In this paper, we introduce cycle benchmarking (CB), a protocol for estimating the process fidelity of a global noise process affecting a quantum device that occur when a cycle of operations is applied to a quantum register. Under the assumption of Markovian noise such that the noise on each cycle of independent single-qubit gates is independent of the specific gates being implemented (see Supplementary Note 1), we prove that CB is robust to SPAM errors and that the number of measurements required to estimate the process fidelity to a fixed precision is approximately independent of the number of qubits.
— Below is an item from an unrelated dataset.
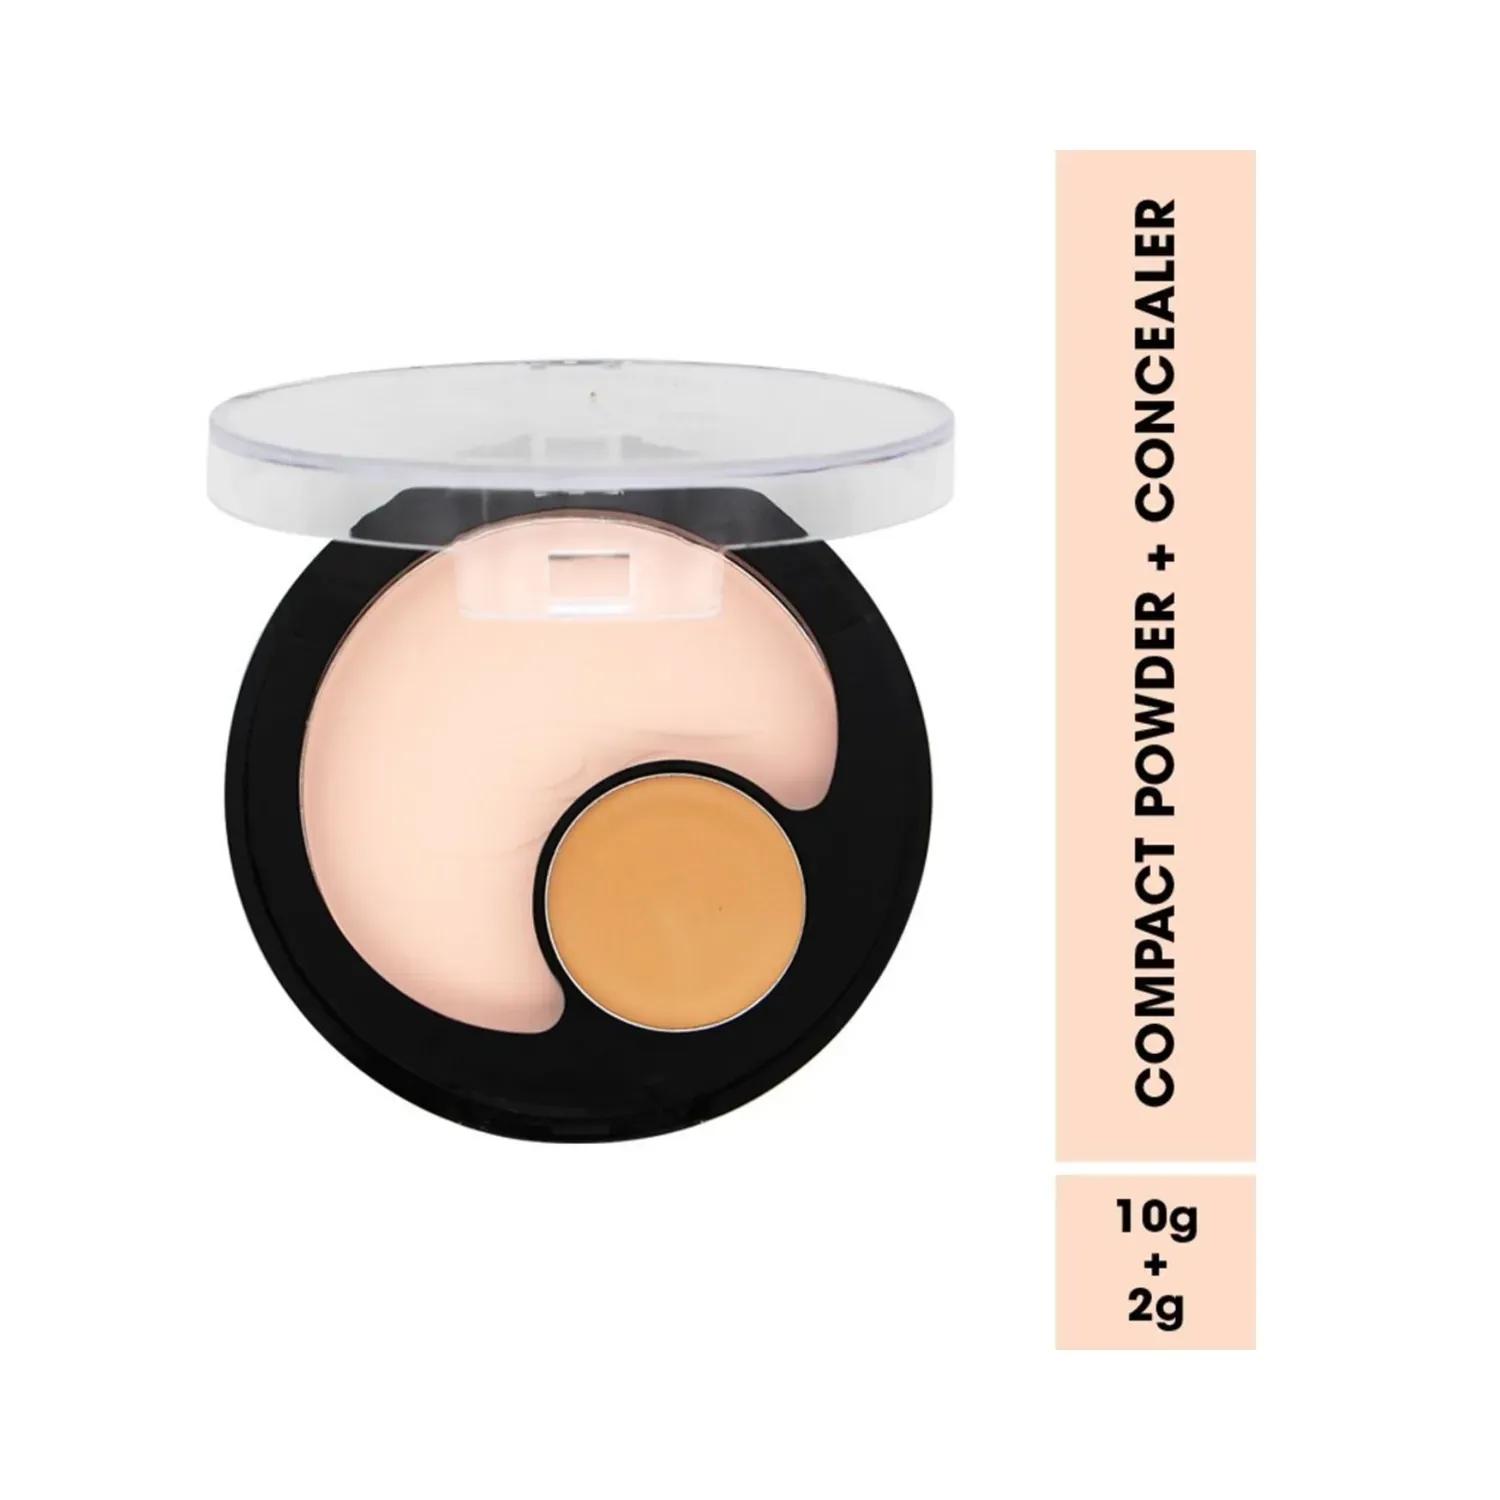 fashion colour 2-in-1 compact powder & concealer - 01 shade (12g)

We demonstrate the practicality of CB for many-qubit systems by using it to experimentally estimate the process fidelity of both non-entangling Pauli operations and the multi-qubit entangling Mølmer–Sørensen (MS) gate22,23 acting on up to ten qubits. We also confirm that the protocol and analysis methods, derived under theoretical assumptions, produce consistent results in our experimental system.

## Results

### The CB protocol

We now outline how the CB protocol can quantify the effect of global and local error mechanisms affecting different primitive cycle operations of interest.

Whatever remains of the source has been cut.